Autre signal préoccupant : la résilience des attaquants après démantèlement. En 2024, une trentaine de groupes ont été démantelés par les autorités internationales. La plupart se sont reconstitués en quelques semaines. "En 48 à 72 heures, ils ont la capacité de remonter leur système et de continuer", observe Fatima Djoubar. Une agilité que les organisations défensives peinent encore à égaler.
.jpg)
Se défendre contre le ransomware : anticipation, détection et résilience collective
Le ransomware s'est imposé comme une arme économique. Face à cela, d'après les experts, mieux vaut empêcher l'intrusion que gérer la catastrophe. "Le point c'est de faire en sorte que les gens ne rentrent pas dans notre système", rappelle Fatima Djoubar.
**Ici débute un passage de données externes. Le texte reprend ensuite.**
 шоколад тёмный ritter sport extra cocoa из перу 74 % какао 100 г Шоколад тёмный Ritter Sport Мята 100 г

Cela suppose des mesures souvent moins spectaculaires que les technologies mises en avant : mises à jour régulières, sauvegardes testées, limitation des accès, formation des salariés, contrôle des prestataires, exercices de crise. Les grandes entreprises simulent désormais des scénarios mêlant ransomware et fuite de données pour apprendre à gérer simultanément l'urgence technique, la communication et les obligations juridiques.
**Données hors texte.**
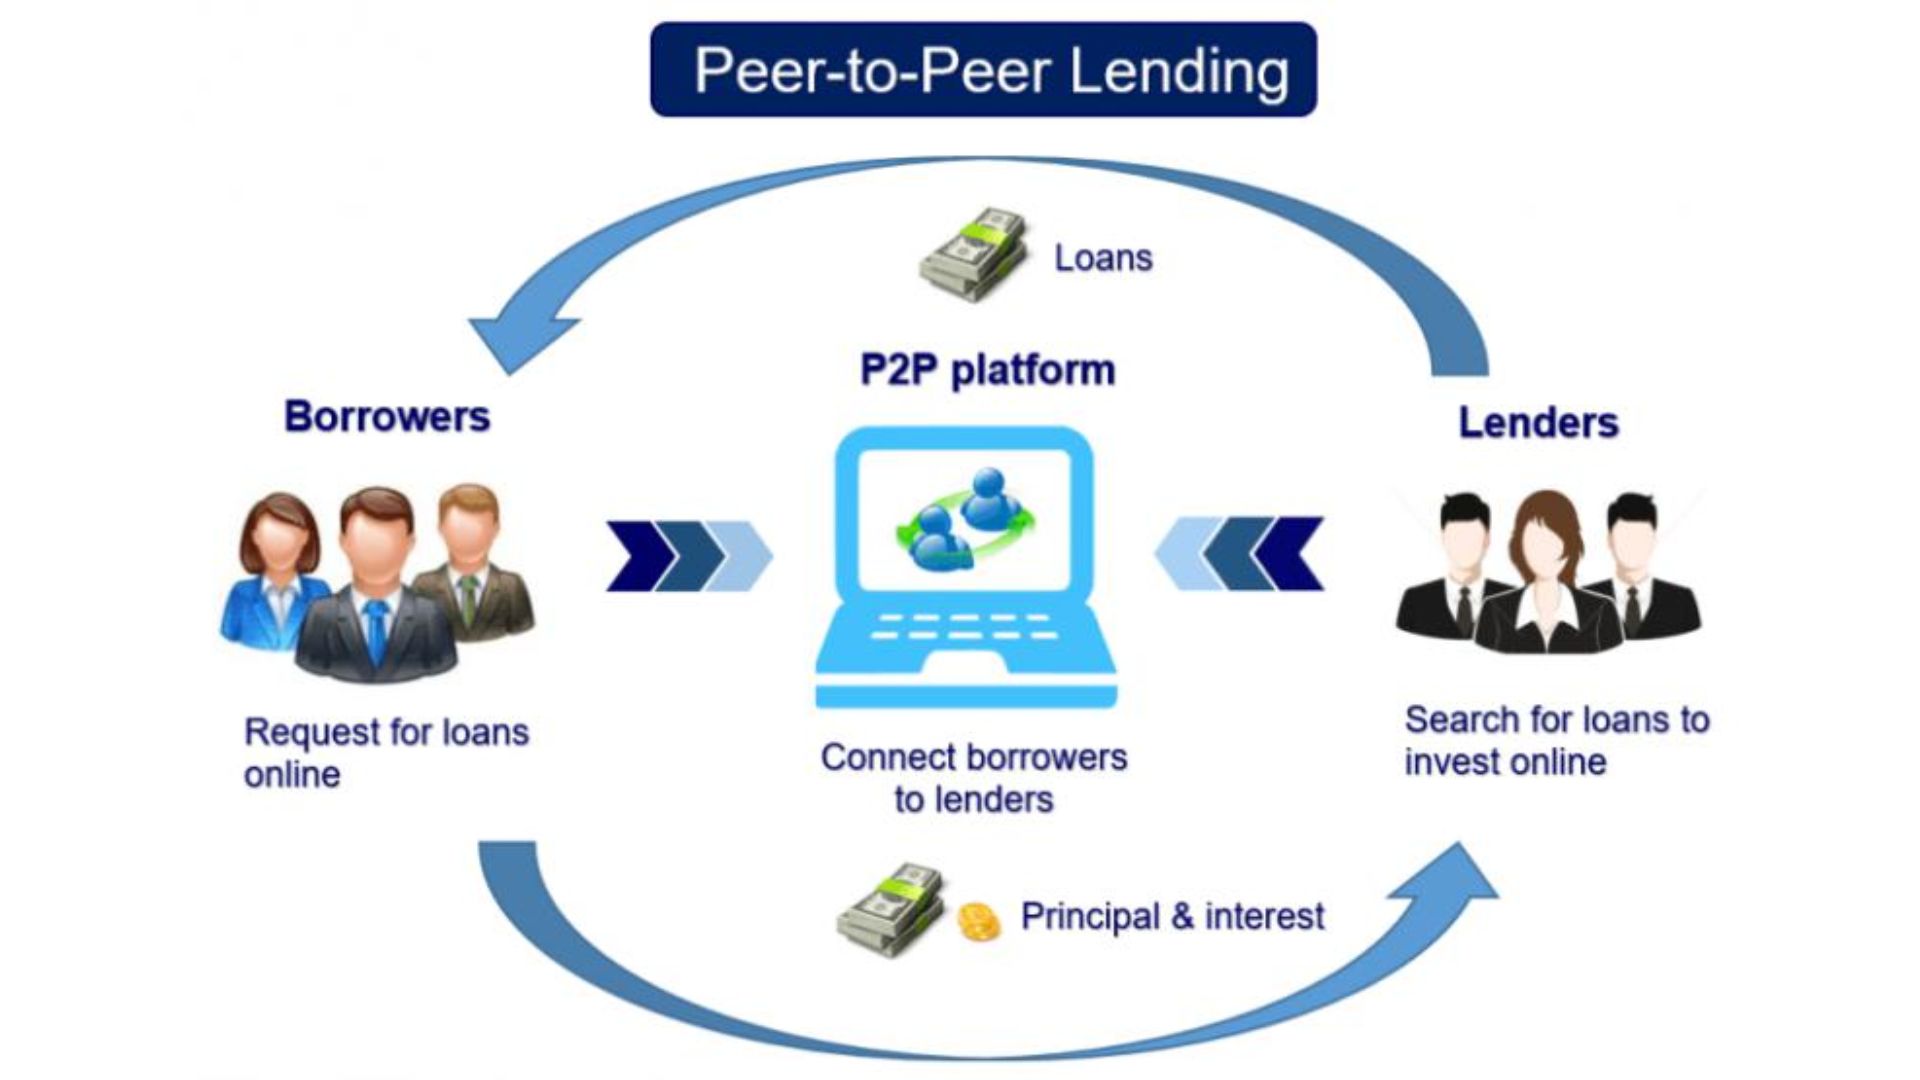 Peer-to-Peer Lending with Prosper, LendingClub, and Groundfloor

À lire aussi : Alain Juillet au Risk Summit : la guerre hybride, clé du nouvel ordre mondial ?
Une dimension collective s'impose également. Lors des Jeux Olympiques de Paris, des entreprises concurrentes ont accepté de partager leurs alertes en temps réel au sein d'un consortium coordonné avec un SOC gouvernemental. Résultat : une détection plus rapide, une réponse plus efficace. "La cyberdéfense, c'est un sport d'équipe", résume Arnaud Kopp. Ce modèle de partage de Threat Intelligence entre acteurs d'un même secteur, voire entre concurrents directs, reste encore trop rare alors qu'il a démontré son efficacité.
Le ransomware prospère sur les retards, les angles morts et la fatigue des organisations, c'est ce qui en fait une menace durable. Tant qu'il restera simple à lancer, rentable à exploiter et difficile à poursuivre à l'échelle internationale, il continuera de peser lourdement sur le paysage cyber mondial.